Problem description -> From the entries that follow, reproduce exactly and only the lines from the line with "Nippon – Das Original!" to the line with "Der crunchy Puffreis-Schokoladen-Snack.", endpoints included.

[Task inputs]

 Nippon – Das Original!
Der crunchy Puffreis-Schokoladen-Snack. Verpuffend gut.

[/Task inputs]
[Task inputs]

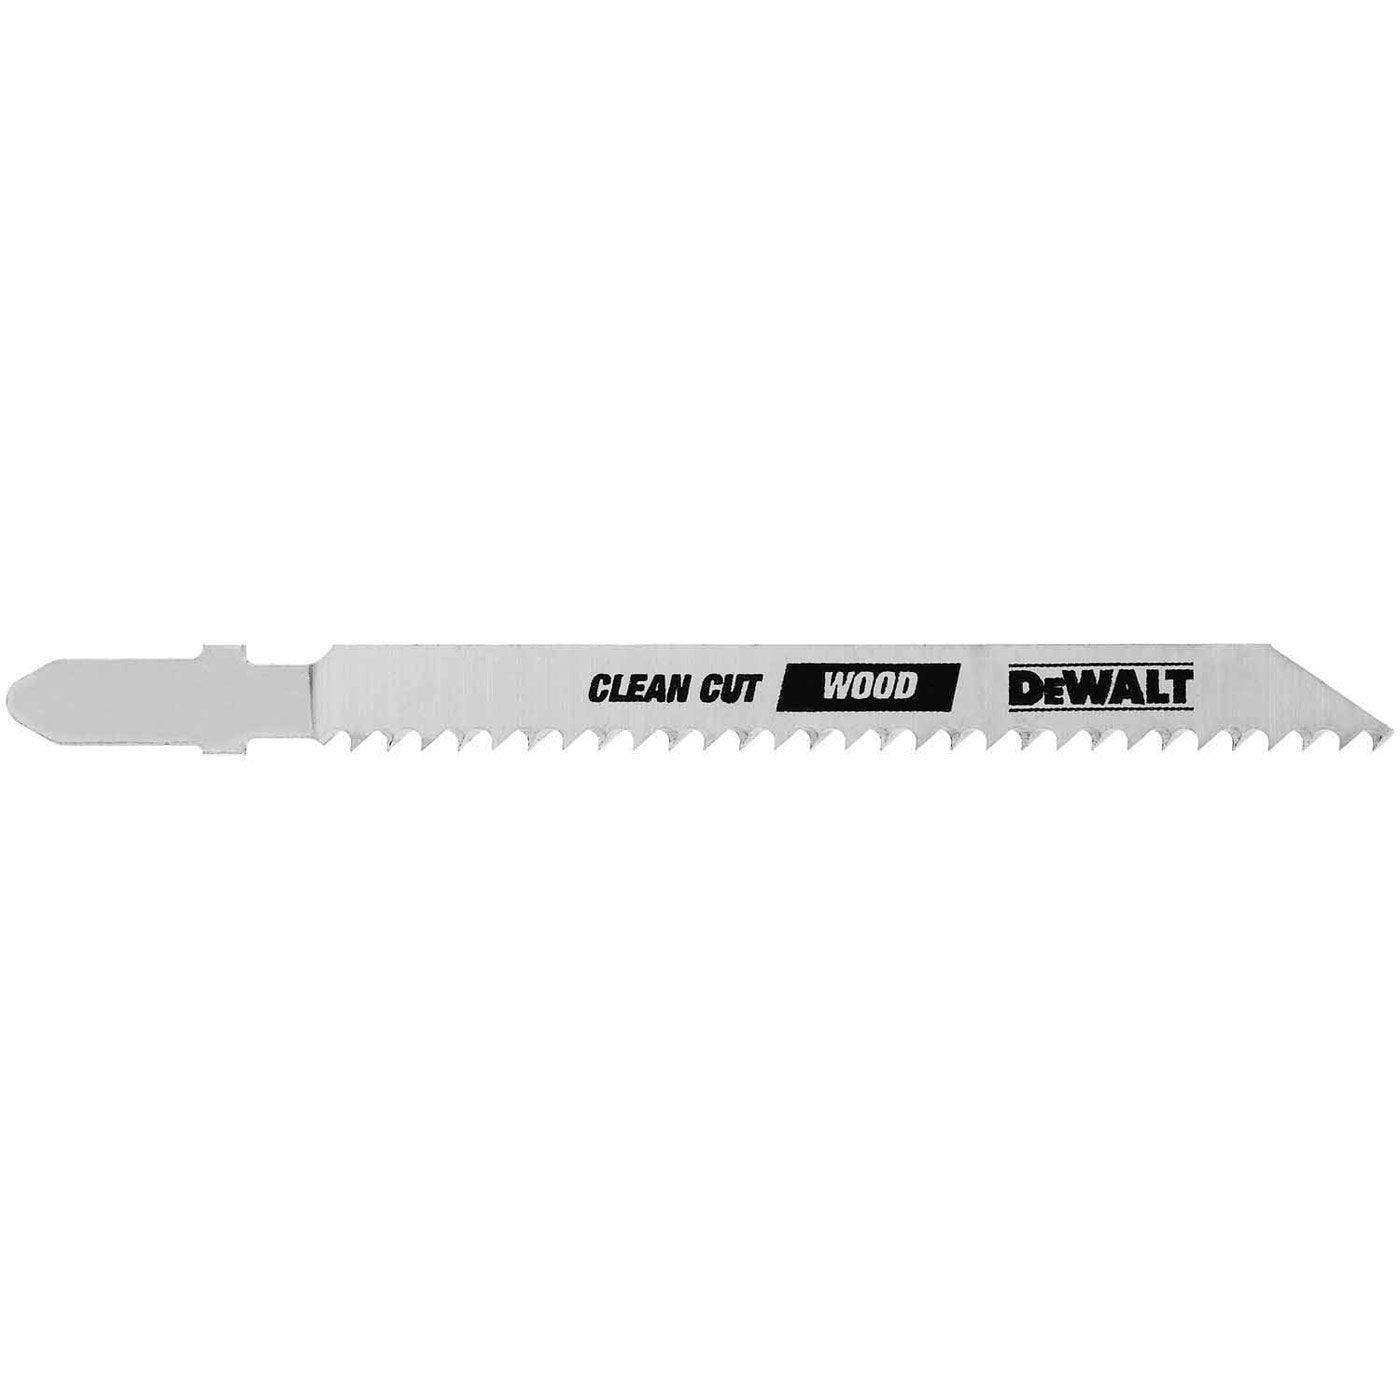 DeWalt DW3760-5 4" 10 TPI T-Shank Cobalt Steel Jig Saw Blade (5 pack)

[/Task inputs]
[Task inputs]

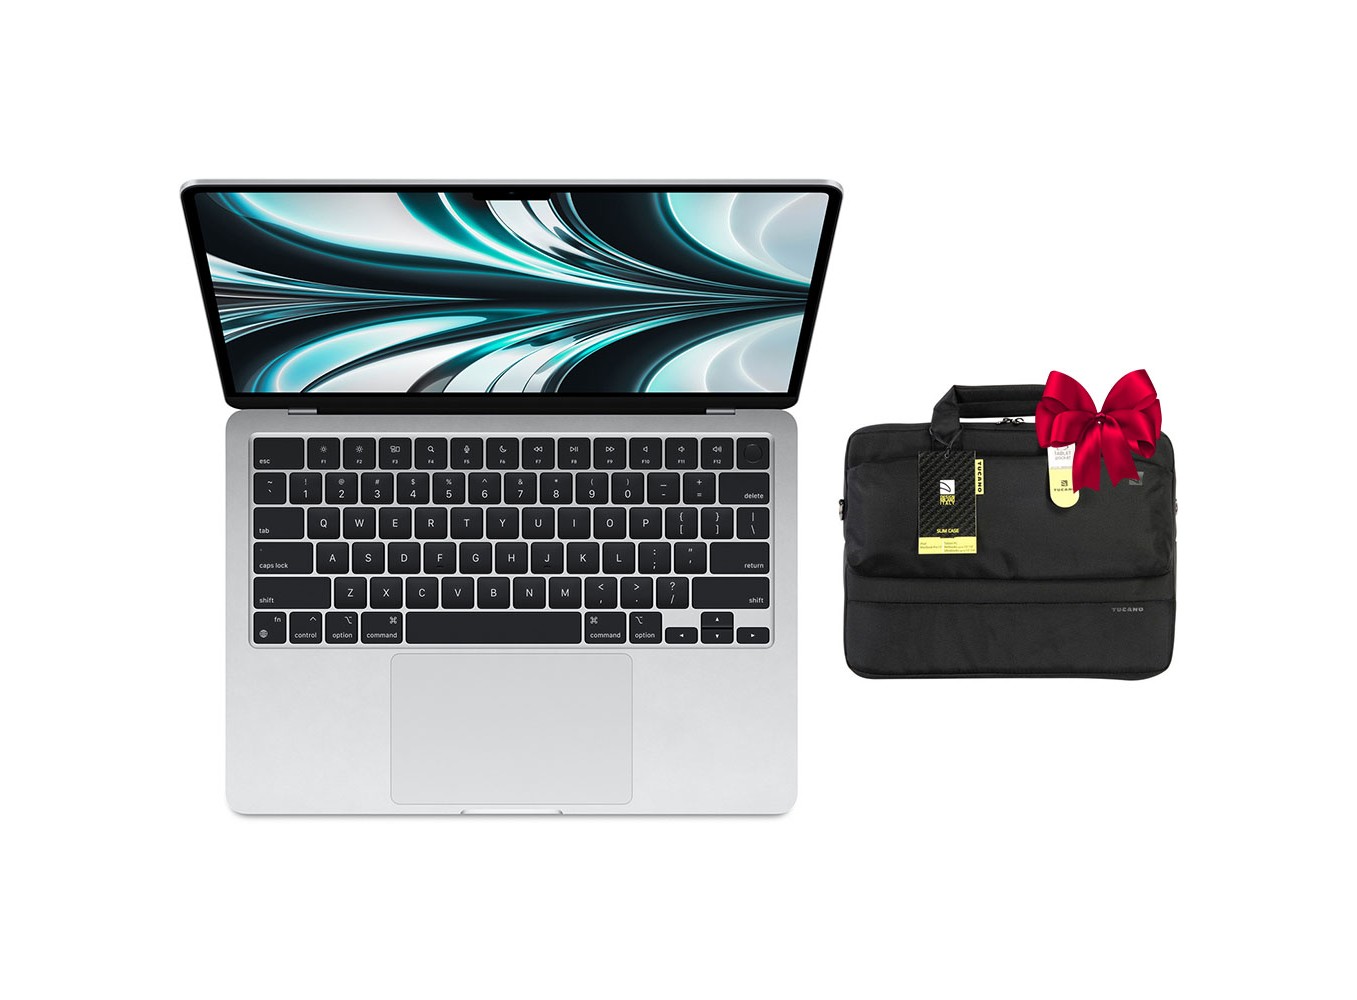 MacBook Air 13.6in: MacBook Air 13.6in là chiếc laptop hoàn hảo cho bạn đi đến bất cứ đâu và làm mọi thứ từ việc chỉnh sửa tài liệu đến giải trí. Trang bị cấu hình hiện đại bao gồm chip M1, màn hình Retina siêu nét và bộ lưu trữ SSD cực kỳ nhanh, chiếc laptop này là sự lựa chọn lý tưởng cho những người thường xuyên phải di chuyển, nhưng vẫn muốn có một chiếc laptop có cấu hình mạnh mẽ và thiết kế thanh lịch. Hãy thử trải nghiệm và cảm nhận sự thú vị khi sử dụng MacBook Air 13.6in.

[/Task inputs]

Result ->
 Nippon – Das Original!
Der crunchy Puffreis-Schokoladen-Snack. Verpuffend gut.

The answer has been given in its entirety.